Correlation Between Commercial Metals and Huadi International
Can any of the company-specific risk be diversified away by investing in both Commercial Metals and Huadi International at the same time? Although using a correlation coefficient on its own may not help to predict future stock returns, this module helps to understand the diversifiable risk of combining Commercial Metals and Huadi International into the same portfolio, which is an essential part of the fundamental portfolio management process.
By analyzing existing cross correlation between Commercial Metals and Huadi International Group, you can compare the effects of market volatilities on Commercial Metals and Huadi International and check how they will diversify away market risk if combined in the same portfolio for a given time horizon. You can also utilize pair trading strategies of matching a long position in Commercial Metals with a short position of Huadi International. Check out your portfolio center. Please also check ongoing floating volatility patterns of Commercial Metals and Huadi International.
Diversification Opportunities for Commercial Metals and Huadi International
-0.45 | Correlation Coefficient |
Very good diversification
The 3 months correlation between Commercial and Huadi is -0.45. Overlapping area represents the amount of risk that can be diversified away by holding Commercial Metals and Huadi International Group in the same portfolio, assuming nothing else is changed. The correlation between historical prices or returns on Huadi International and Commercial Metals is a relative statistical measure of the degree to which these equity instruments tend to move together. The correlation coefficient measures the extent to which returns on Commercial Metals are associated (or correlated) with Huadi International. Values of the correlation coefficient range from -1 to +1, where. The correlation of zero (0) is possible when the price movement of Huadi International has no effect on the direction of Commercial Metals i.e., Commercial Metals and Huadi International go up and down completely randomly.

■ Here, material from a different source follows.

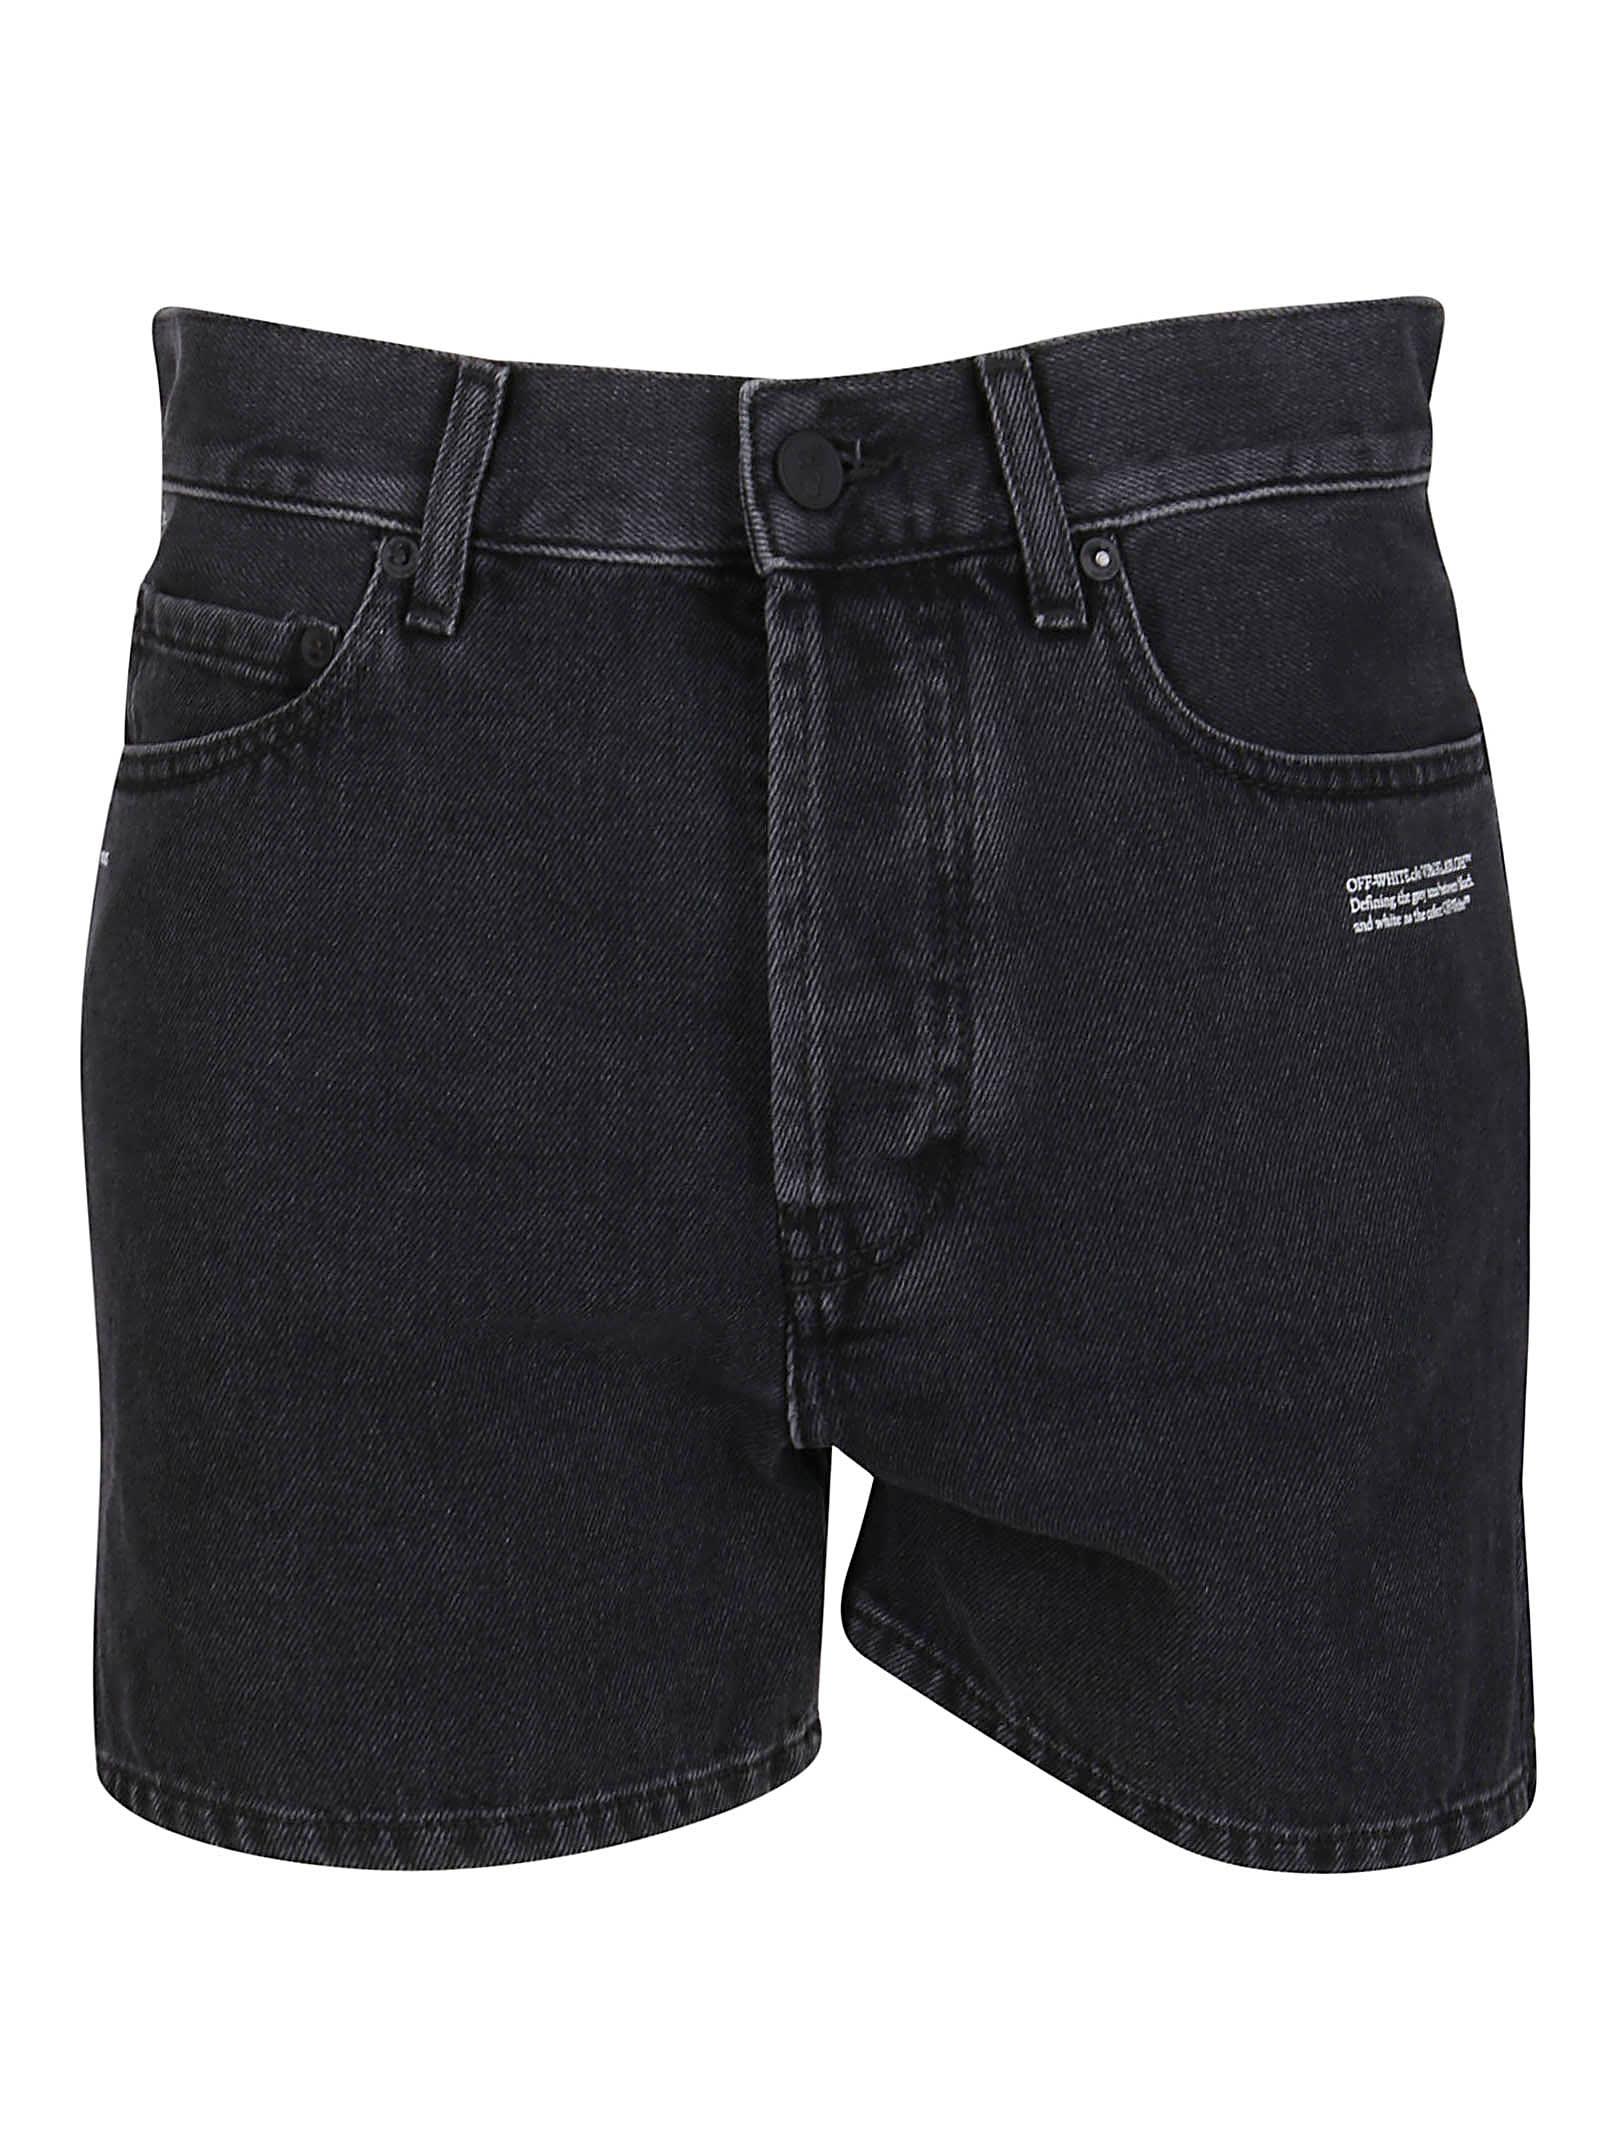 Off-White Shorts BLACK DENIM SHORTS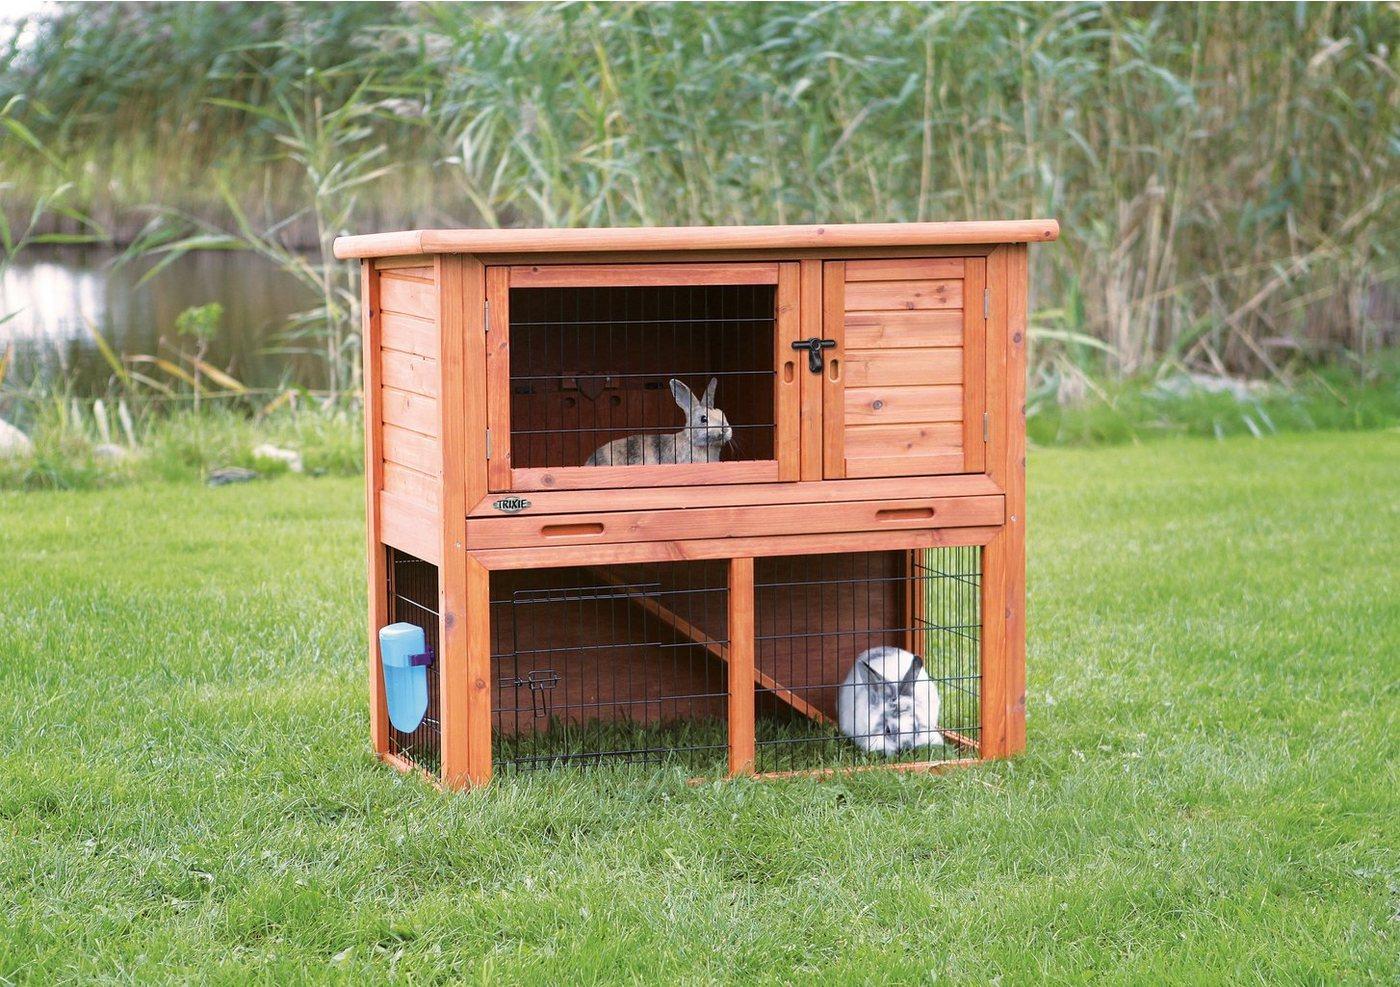 trixie kaninchenstall natura mit freigehege 116x63x97 cm. Black Bedroom Furniture Sets. Home Design Ideas

Pair Corralation between Commercial Metals and Huadi International
Considering the 90-day investment horizon Commercial Metals is expected to generate 0.7 times more return on investment than Huadi International. However, Commercial Metals is 1.43 times less risky than Huadi International. It trades about -0.1 of its potential returns per unit of risk. Huadi International Group is currently generating about -0.15 per unit of risk. If you would invest 6,063 in Commercial Metals on September 14, 2024 and sell it today you would lose (202.00) from holding Commercial Metals or give up 3.33% of portfolio value over 90 days.
Time Period | 3 Months [change] |
Direction | Moves Against |
Strength | Very Weak |
Accuracy | 100.0% |
Values | Daily Returns |
Commercial Metals vs. Huadi International Group
Performance |
Timeline |
Commercial Metals |
Huadi International |
Commercial Metals and Huadi International Volatility Contrast
Predicted Return Density |
Returns |
Pair Trading with Commercial Metals and Huadi International
The main advantage of trading using opposite Commercial Metals and Huadi International positions is that it hedges away some unsystematic risk. Because of two separate transactions, even if Commercial Metals position performs unexpectedly, Huadi International can make up some of the losses. Pair trading also minimizes risk from directional movements in the market. For example, if an entire industry or sector drops because of unexpected headlines, the short position in Huadi International will offset losses from the drop in Huadi International's long position.Commercial Metals vs. Olympic Steel | Commercial Metals vs. Steel Dynamics | Commercial Metals vs. Nucor Corp | Commercial Metals vs. Universal Stainless Alloy |
Huadi International vs. Olympic Steel | Huadi International vs. Steel Dynamics | Huadi International vs. Commercial Metals | Huadi International vs. Nucor Corp |
Check out your portfolio center.Note that this page's information should be used as a complementary analysis to find the right mix of equity instruments to add to your existing portfolios or create a brand new portfolio. You can also try the Fundamentals Comparison module to compare fundamentals across multiple equities to find investing opportunities.